Evidently, the chill has been a long time coming:
Young
crown prince Mohammed bin Salman, known as MBS for short, appears to be
"deeply offended" by the German government, says Daues, who adds that
his information comes from confidants in Riyadh. Relations between the two
countries began souring last November when then-German Foreign Minister Sigmar
Gabriel spoke of spreading "political adventurism" in the Middle
East, a remark many thought was aimed at Saudi Arabia. The impression was
widespread at the time that Lebanese Prime Minister Saad Hariri was being held
against his will in Riyadh and that he was being strong-armed by the rulers
there to step down.
But the canceled Iran deal has deepened Saudi distrust of
Germany:
Berlin
is determined to stick with the nuclear deal despite U.S. President Donald
Trump's announcement he will withdraw from it, whereas there is deep-seated
distrust of the government in Tehran in Riyadh. It may be that the Saudi crown
prince views Germany's conduct as criticism of his governance. Sources close to
him say that a relaxed attitude toward differences of opinion is not one of the
prince's strong points.
It gets worse for Germany. Der Spiegel has the details:
Germany remains Saudi Arabia's most important European
trading partner. Some 800 German companies are active in the country, and 200
have offices in Saudi Arabia with a total of 40,000 employees. In 2017, the
volume of German exports to Saudi Arabia was 6.6 billion euros. But the mood is
shifting.
Well-informed
observers in Saudi Arabia are reporting that even larger German companies like
Daimler have been affected. The Saudis, for example, threatened to temporarily
postpone the delivery of several hundred Mercedes buses. Officially, the
company has vehemently denied the reports, with Daimler saying it cannot
confirm any delay.
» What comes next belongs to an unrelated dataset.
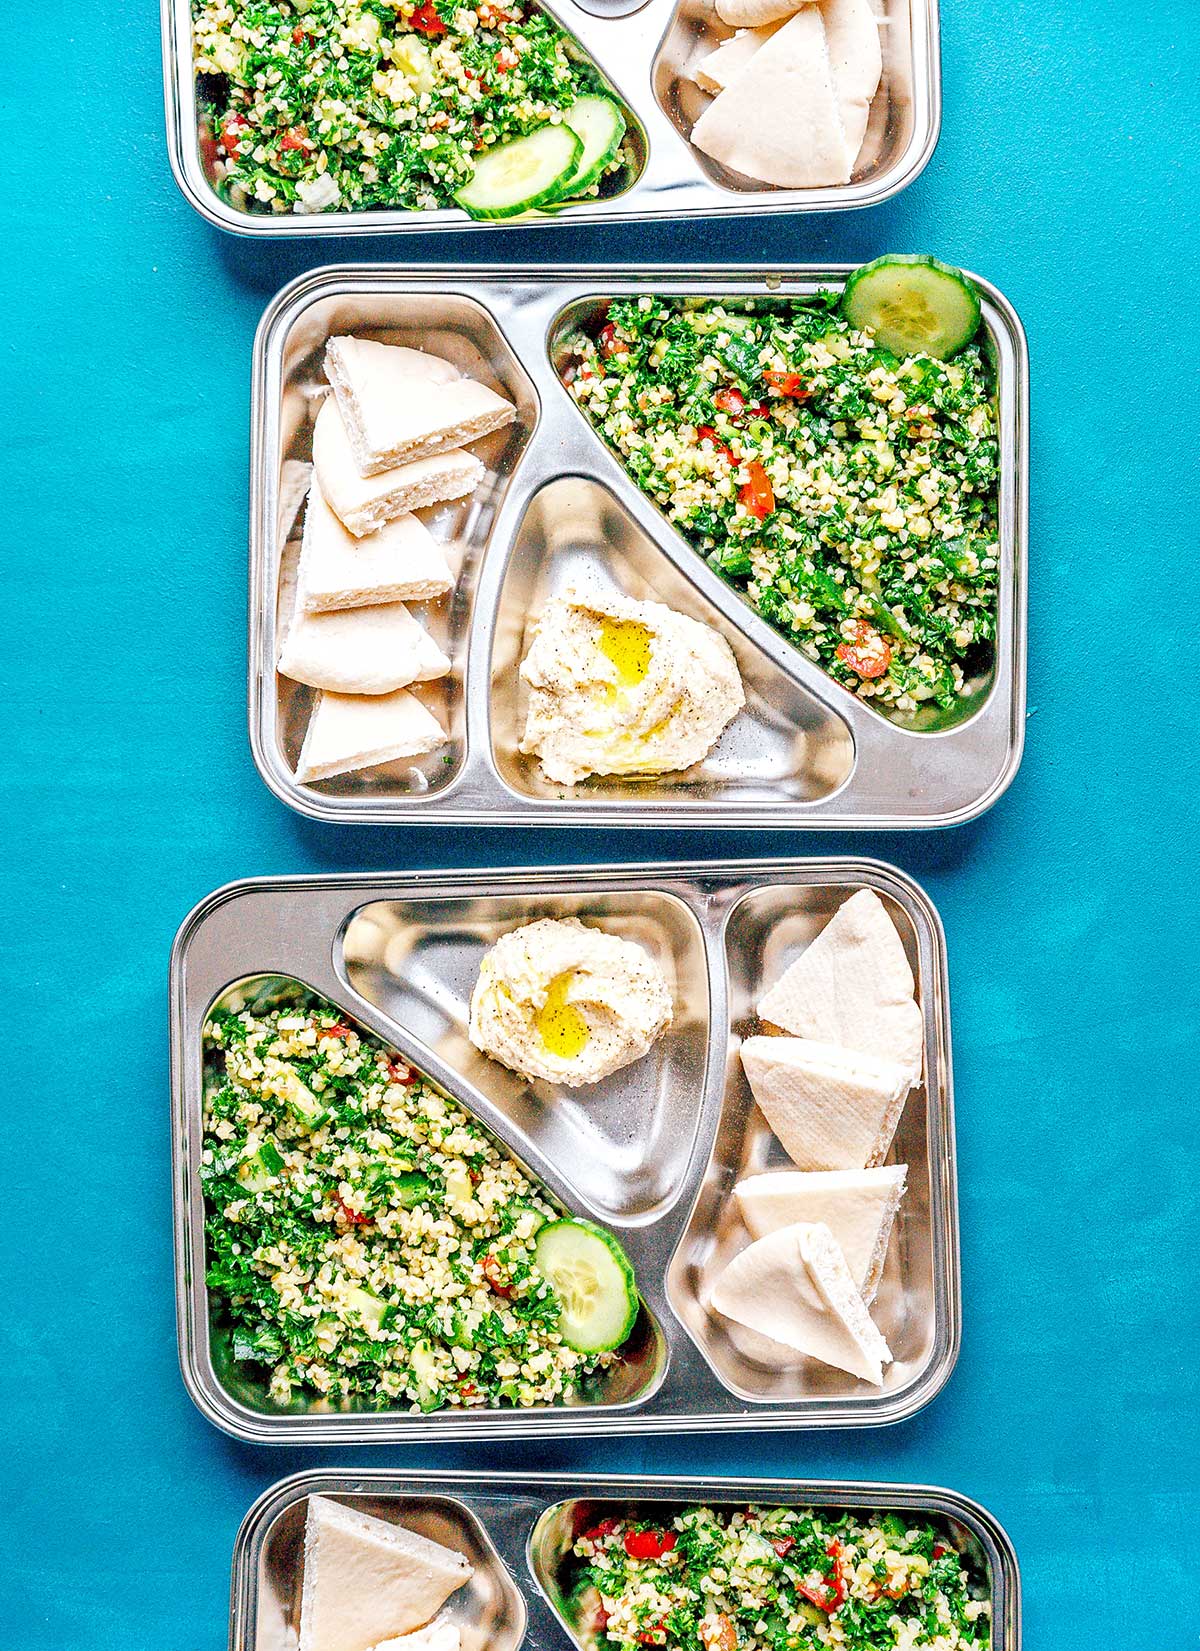 Four meal prep containers on a blue background filled with tabbouleh, hummus, and pita bread

The bus project, the company insists, is proceeding on
schedule.
The
Saudi Health Ministry, which has worked closely together with medical equipment
supplier Siemens and pharmaceutical companies Bayer and Boehringer for years,
has also distanced itself from its German partners recently. "The business
is tougher," a spokesman for Siemens says in a cautious formulation.
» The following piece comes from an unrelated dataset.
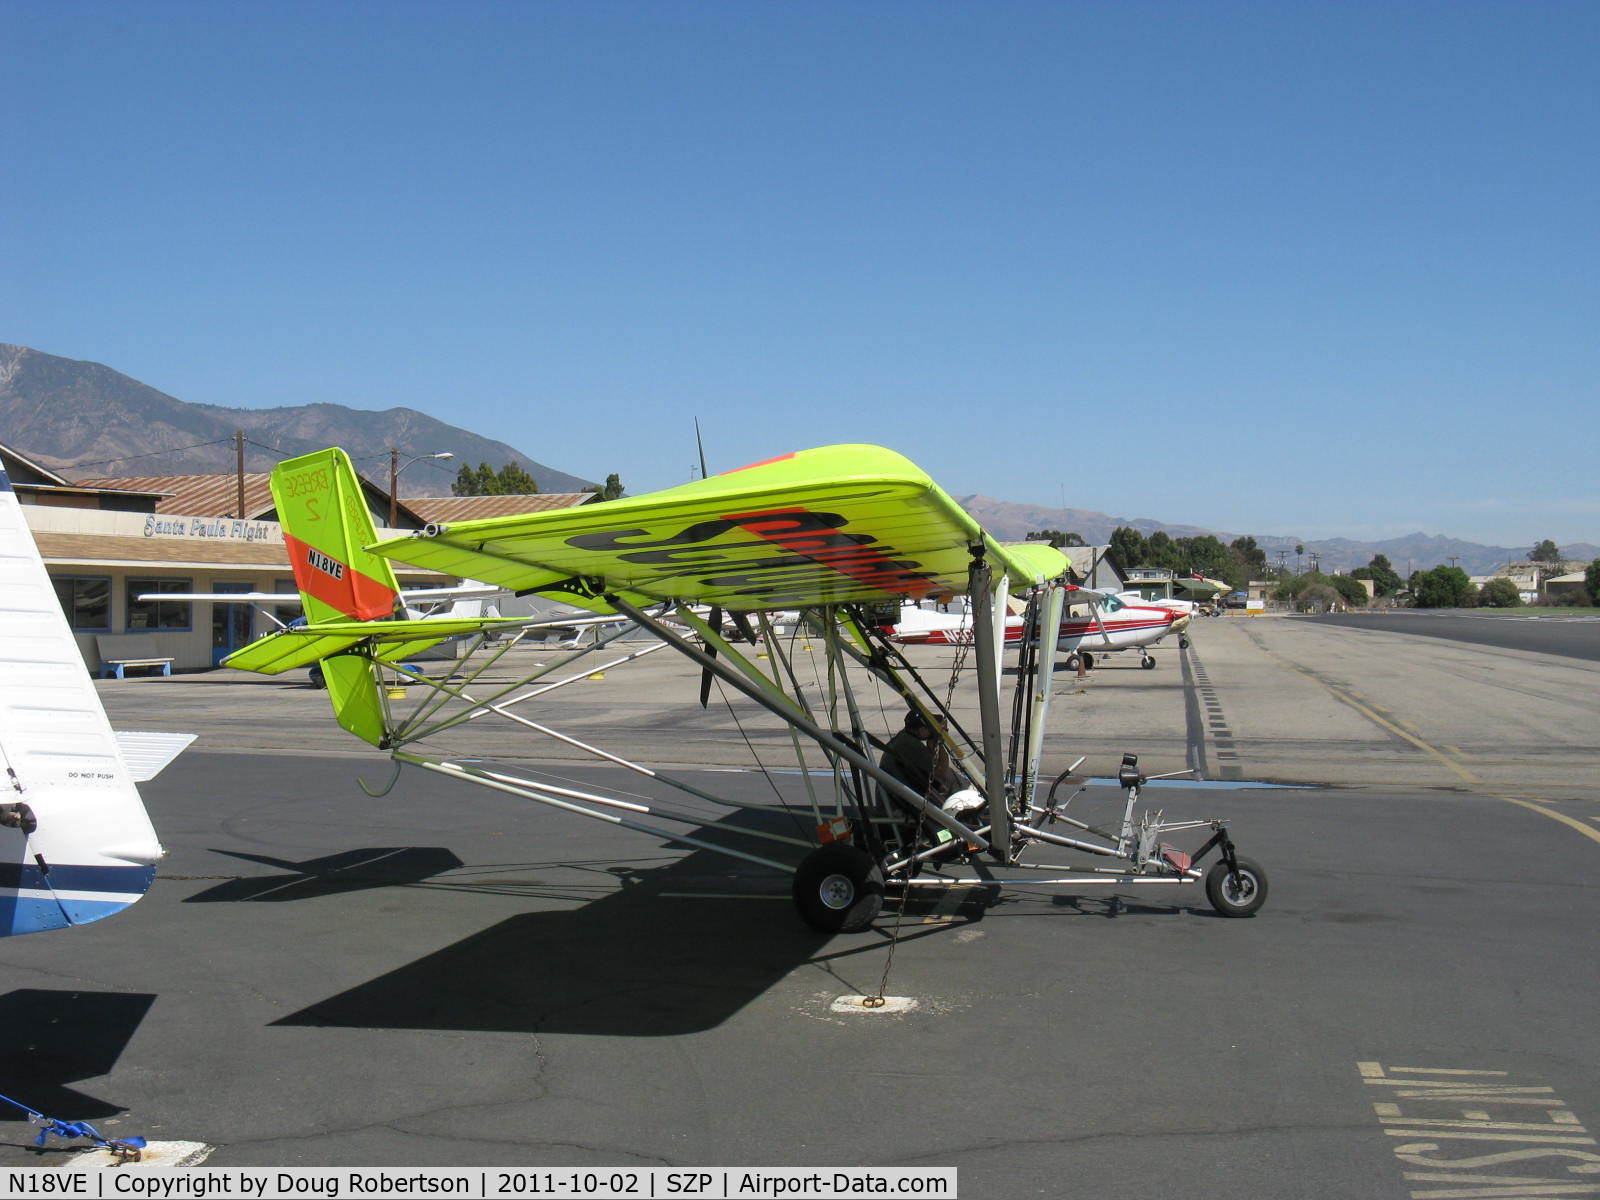 N18VE, 2003 M-Squared Breese 2 C/N 000550, 2003 M-squared BREESE 2 Ultralight Trainer, Rotax 503 DCDI two-stroke two cylinder 52 Hp pusher, two-seat side by side, owner is FAA CFI.

"We don't want to comment on the matter," spokespeople for Bayer and
Boehringer stated. No one wants to further rile the government in Saudi Arabia.
Recently, Riyadh's city development authority ADA issued a contract for the
construction of a major bike path that will run through the capital city's
green belt to the American architecture firm Coen+Partners. But only a year
ago, it had planned to award the contract to the German firm AS+P Albert Speer
and Bödeker Landscape Architects.
Of course, the story has been ignored. The American media
has gotten its knickers in a twist over the supposedly deteriorating relations
between Trump and Merkel. As often happens, given its blinders, it is missing
important aspects of the larger story.
I suspect Saudi Arabia has much more money than Iran. Merkel should notice.